Wagt aus Pierre Ramus blödem Kohl „die Neuschöpfung der Gesellschaft“ ein lesbares, für das Studium des Arbeiters notwendiges Werk zu machen. Marxismus und Autorität ist für Wollin eins. Damit beweist er, daß er vom Marxismus wenig weiß, ihn, wohl von seinen Epigonen ausgelegt erhalten, jedoch selbst niemals verdaut hat. Die Empfehlung Pierre Rasmus genügt, um seine ganze Broschüre unmöglich zu machen. O, wie regt er sich auf, daß der Marxist den Begriff Recht (als Beispiel) nur einseitig behandeln kann. Ja, Wollin ist ein Allerweltskerl, er ist nicht „einseitig“ wie Karl Marx. Nein, er durchfliegt den Weltenraum, studiert das Mondgesicht, umkreist den Mars. Fällt auf die Erde zurück, durchwühlt ihre Gesteinsmassen.

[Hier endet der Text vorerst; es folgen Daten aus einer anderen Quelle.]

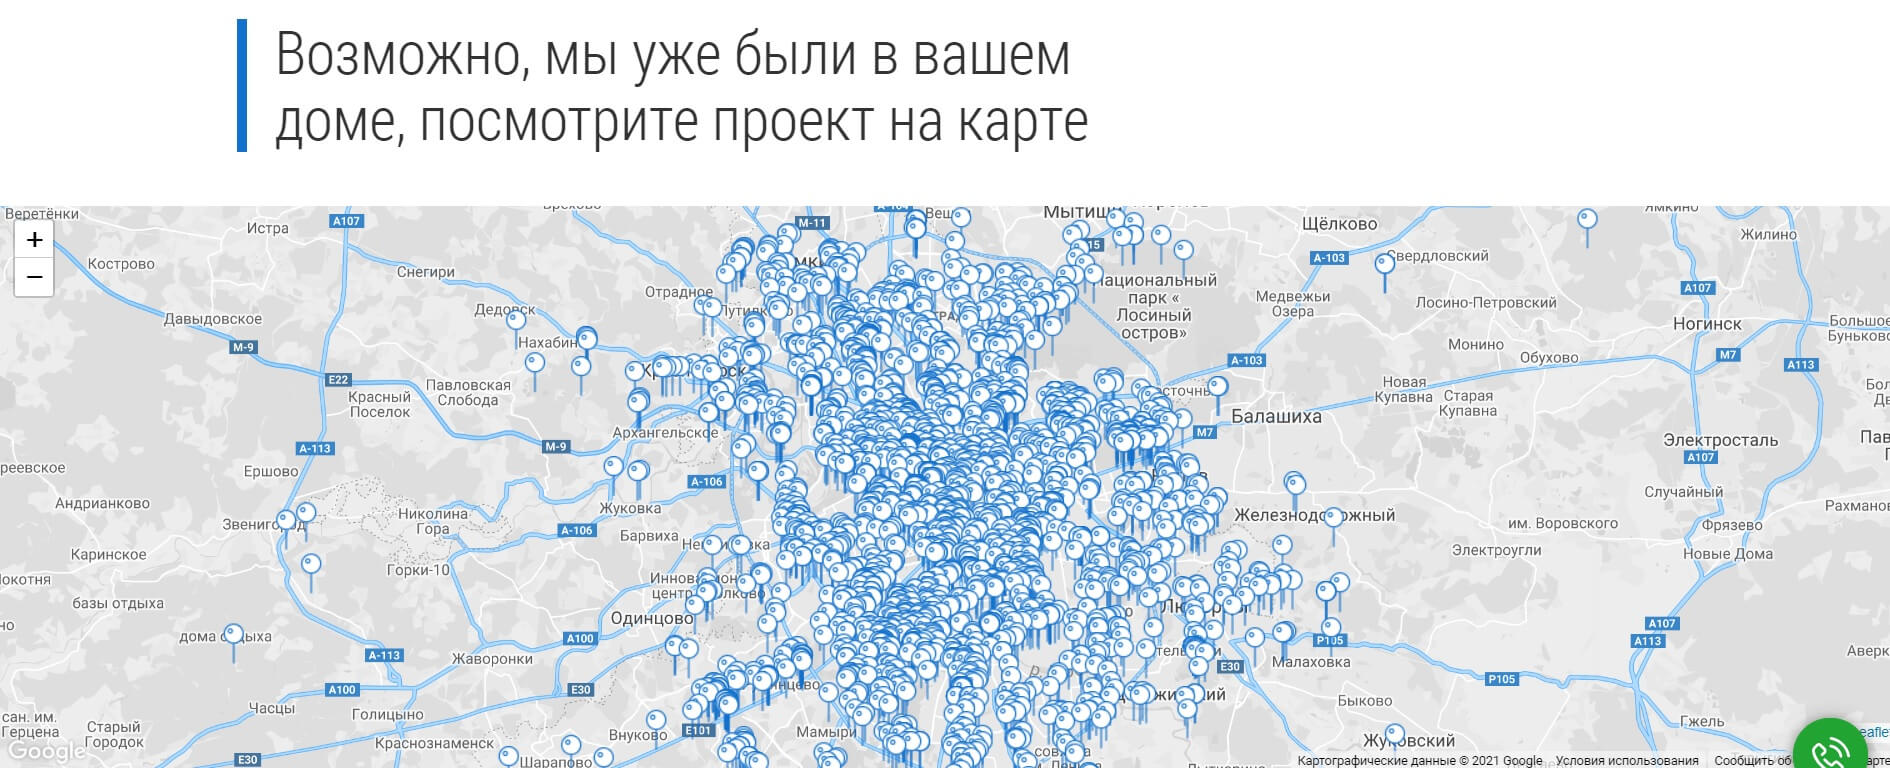 Карта Москвы и ближнего Подмосковья со всеми нашими проектами

Schicht auf Schicht wird geologisch untersucht, bis er auf Knochenreste vorsintflutlicher Tiere stößt. Dann fängt er an die Entwicklung durchzugehen bis hinauf zu Pierre Rasmus. — Der Extrakt seines Planes gleich Null. Unverwendbar, ja schädlich für das Proletariat. Die Wissenschaft „an sich“ fesselt nicht, die Wissenschaft „für uns“ ist allein fördernd. Das Denken der Menschen ist begrenzt und richtet sich nach ihrem materiellen Sein. Der Buschmann in Afrika beschäftigt sich zuerst mit den Pflanzen, die er essen muß, er untersucht sie auf ihre Genießbarkeit. Der moderne Fabrikproletarier begreift zuerst, daß die Gesellschaftsordnung ihn hungern läßt und wird zuerst nach Wegen suchen, die ändern können. Nach vergeblichen reformistischen Versuchen innerhalb dieser Gesellschaft eine Aenderung zu erreichen, wird er das Uebel im System der Gesellschaft selbst erkennen.

Nach darauf eingehenderem Gesellschaftsstudium wird er auch Mittel zu ihrer Beseitigung finden.

Diese vermittelt ihm die marxistische Weltanschauung, zu der sich auch Wollin, als Mitglied der Einheitsorganisation bekennen müßte. Sie hat lange schon den „wissenschaftlichen Plunder“, den Wollin empfiehlt, abgetan. Sie ist die Lehre vom Klassenkampf und benötigt zu ihrer restlosen Erfassung das ganze Leben des Proletariats, das heute nur Kampf sein kann. Wollin weiß nichts davon.

So ist sein „Werkchen“ ein Dreck und die Einheitsorganisation hat mit seiner Herausgabe einen Fehler begangen der nur gut zu machen ist, wenn alle noch erreichbaren Exemplare eingestampft werden.